It returns "Error occurred" to the user.
Cause: You built a pipeline, not an agent. Pipelines don't adapt.
Agents observe results and adjust.

Pipelines vs Agents

There are two ways to build multi-step AI systems:

Pipelines vs Agents

PIPELINE (Code decides):

Input → Step 1 → Step 2 → Step 3 → Output
↓ ↓ ↓
[fixed] [fixed] [fixed]

The code determines what happens at each step.
Each branch is explicitly written.
Predictable, but rigid.

AGENT (Model decides):

       ┌───────────────────────────┐
       │                           │
Input →  │  Observe current state    │◄────────┐
       │          ↓                │         │
       │  Think: what next?        │         │
       │          ↓                │         │
       │  Act: execute decision    │─────────┘
       └─────────────┬─────────────┘
                     ↓
             Output (when done)

The model determines what happens at each step.
Flexible, but less predictable.

The key question: Who decides the next step—your code or the model?

Pipeline: You enumerate all paths. Reliable for known scenarios. Fails on novel scenarios.
Agent: Model reasons about what to do. Handles variation.
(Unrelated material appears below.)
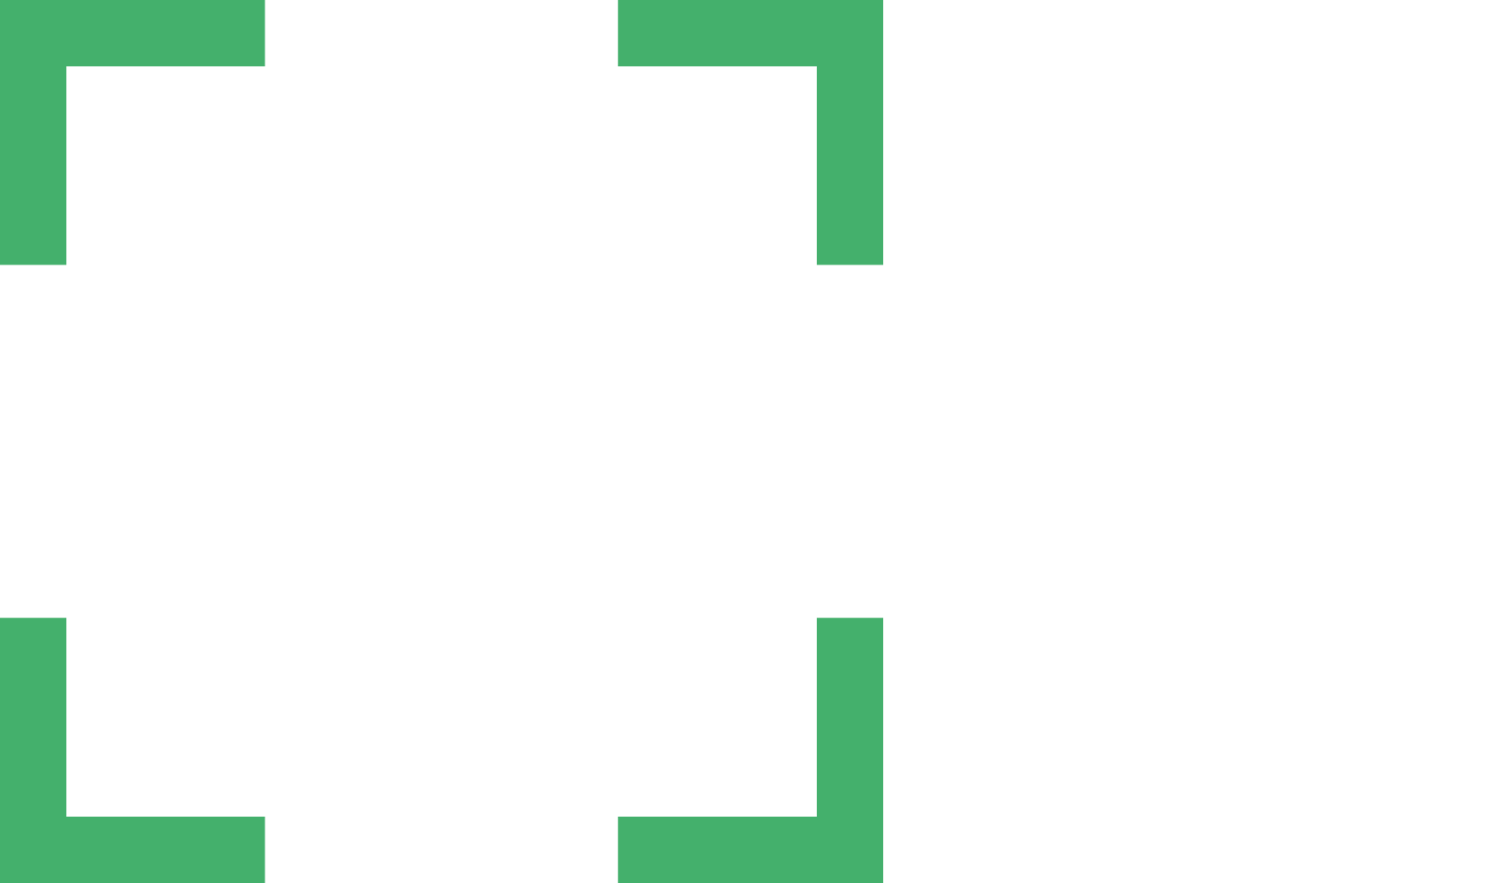 BEEBA

Can make mistakes.

Neither is better. They solve different problems.

Takeaway: the deciding question is who picks the next step — your code (pipeline) or the model (agent). Pipelines are predictable but rigid; agents are flexible but non-deterministic. Pick by failure-mode tolerance, not by hype.

The Agent Loop

An agent is a loop. The LLM decides what to do, executes it, observes the result, and decides again.

The Agent Loop

                  ┌──────────────┐
          ┌──────▶│   OBSERVE    │
          │       │              │
          │       │ What do I    │
          │       │ know now?    │
          │       └──────┬───────┘
          │              │
          │              ▼
          │       ┌──────────────┐
          │       │    THINK     │
          │       │              │
          │       │ What should  │
          │       │ I do next?   │
          │       └──────┬───────┘
          │              │
          │              ▼
          │       ┌──────────────┐
   ┌──────┴──┐    │     ACT      │
   │ Not done│◄───┤              │
   └─────────┘    │ Execute the  │
                  │ decision     │
                  └──────┬───────┘
                         │
                         ▼
                    ┌─────────┐
                    │  Done?  │
                    └────┬────┘
                         │ Yes
                         ▼
                    ┌─────────┐
                    │ OUTPUT  │
                    └─────────┘

Each iteration:

Observe: What information do I have? What just happened?
Think: Given my goal and current state, what’s the best next action?
Act: Execute the chosen action
Evaluate: Am I done? If not, loop.

The magic: the model decides the action at step 2. This is what makes it an agent, not a pipeline.

Takeaway: the loop is Observe → Think → Act → Evaluate. Three iteration types exist (continue / exit / error) and the most common production bug is shipping with only the first one defined.

Tools: The Agent’s Capabilities

An agent without tools is just a chatbot. Tools are functions the agent can call.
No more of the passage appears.